From Understanding the burnout experience: recent research and its implications for psychiatry:

“When there is a values conflict on the job, and thus a gap between individual and organizational values, employees will find themselves making a trade‐off between work they want to do and work they have to do, and this can lead to greater burnout.”



Great “people management” is key to reducing burnout

It can be tempting to try to address burnout with simplistic, employee-boosting fixes – run a PD on time management, provide free morning tea once a week, offer lunchtime meditation sessions. These are unlikely to lead to widespread and lasting change to the problem of burnout because they overlook its systemic and deep-seated causes. Fundamentally, burnout results from chronic workplace stress, so any strategy to alleviate burnout needs to find and address the causes of workplace stress, rather than trying to alleviate the employee’s reactions to these stressors.

The best solutions to burnout then, likely lie with the practices of “people managers” in organisations – those who lead teams, oversee the work of others or have employees “report” to them.

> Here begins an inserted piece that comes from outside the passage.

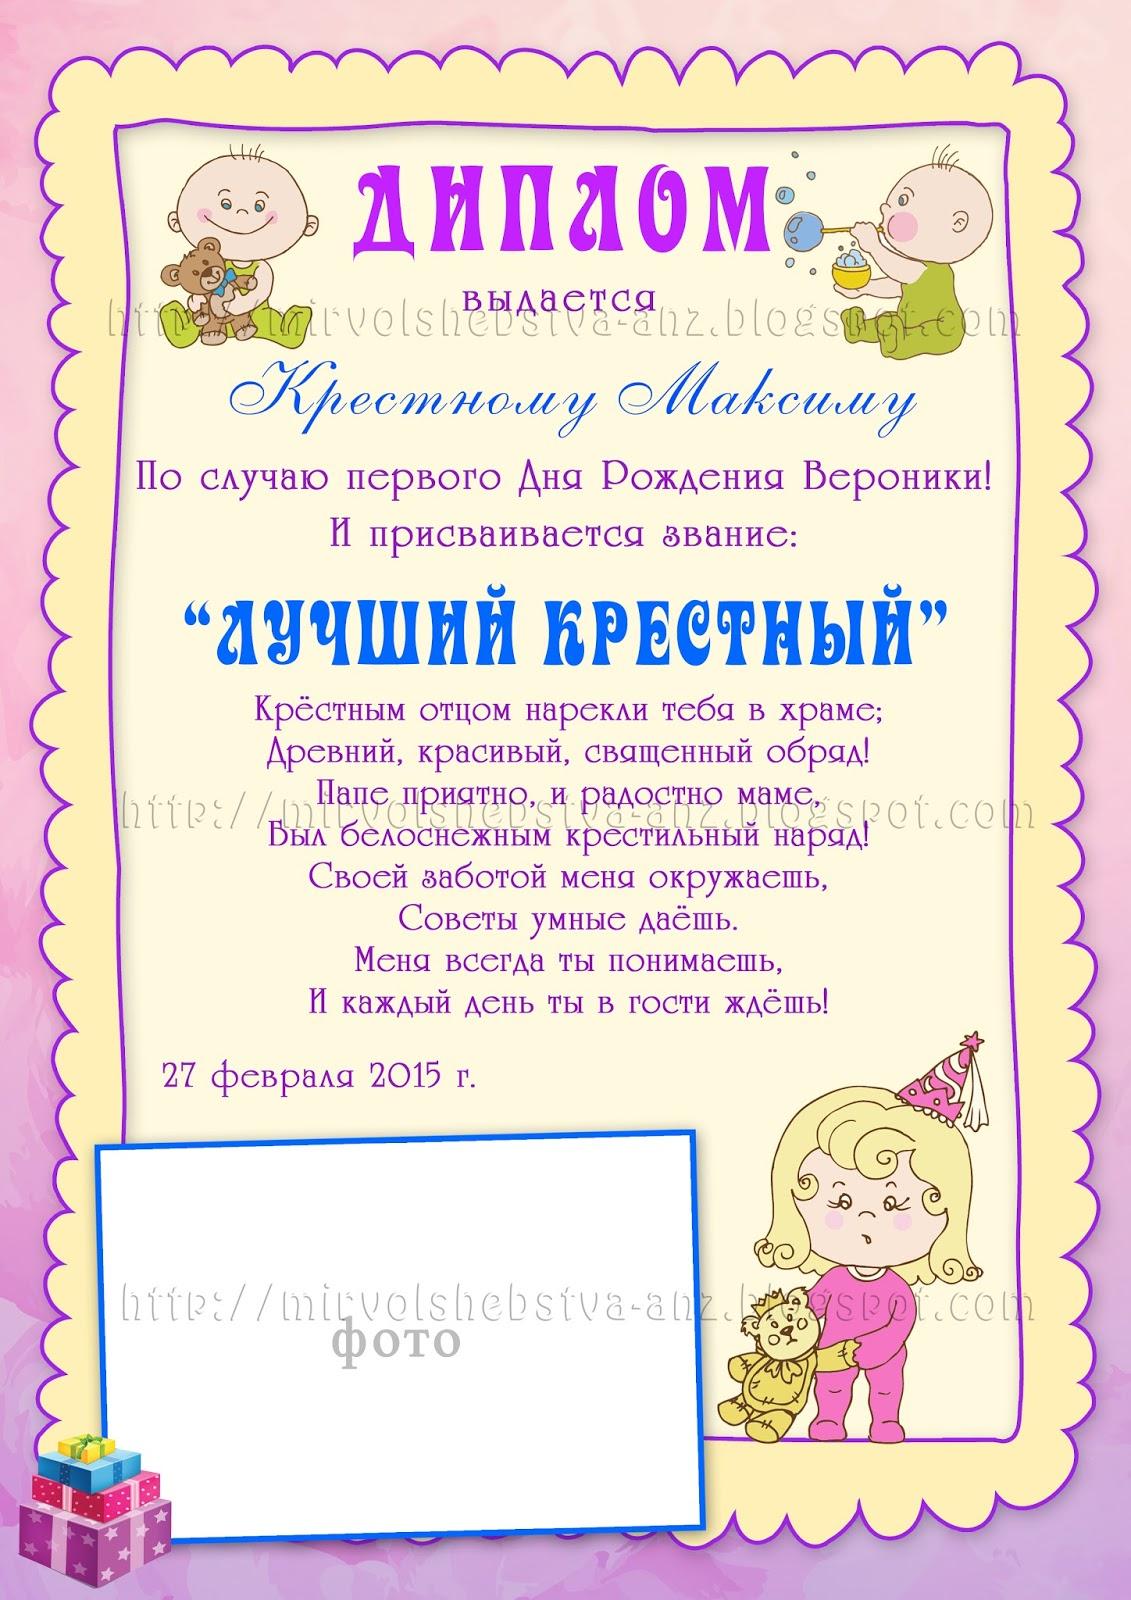 Мир волшебства Анжелики Набор Малыши Набор для маленьких именинников включает дипломы родным плакат достижений анкету конверт для локона телеграмму По желанию заказчика можно добавлять

Each school, and each team of teachers within a school is likely to have a different combination of factors contributing to feelings of burnout. Recent research by Mckinsey suggests that when people leave their jobs, relational factors (i.e. their relationship with their managers, the extent to which they feel valued at work and their sense of belonging in the workplace) contribute to that decision a lot more than organisational leaders expected. Alleviating burnout, retaining teachers, and lifting engagement will be best started by great managers who mentor, coach and build high-functioning teams. Importantly, effective people managers are those who listen, understand, and respond to their team members rather than reaching for simplistic off-the-shelf fixes.

From: ‘Great Attrition’ or ‘Great Attraction’? The choice is yours:

“…it requires companies and their leaders to truly understand their employees. It requires leaders to develop a much deeper empathy for what employees are going through and to pair that empathy with the compassion—and determination—to act and change. Only then can employers properly reexamine the wants and needs of their employees—together with those employees—and begin to provide the flexibility, connectivity, and sense of unity and purpose that people crave.”


Leaders that can build high-trust relationships that support a genuine dialogue about workplace stress will be well placed to understand the specific causes of burnout among their people and make changes to improve engagement. Leaders that do this are far more likely to build and sustain schools that attract and retain great teachers and deliver great outcomes for students than the schools running stress management workshops and meditation sessions to address burnout.

Key Takeaways

  1. Burnout is not new, but it is worse than ever, and educators are particularly susceptible: Our jobs require emotional investment putting us at a greater risk of burnout
  2. Six things cause burnout: understanding each may help us learn more about what’s driving it in ourselves or at our schools
  3. Great “people management” is key to reducing burnout: Great managers who listen and engage with their teams are best placed to understand and address the causes of burnout.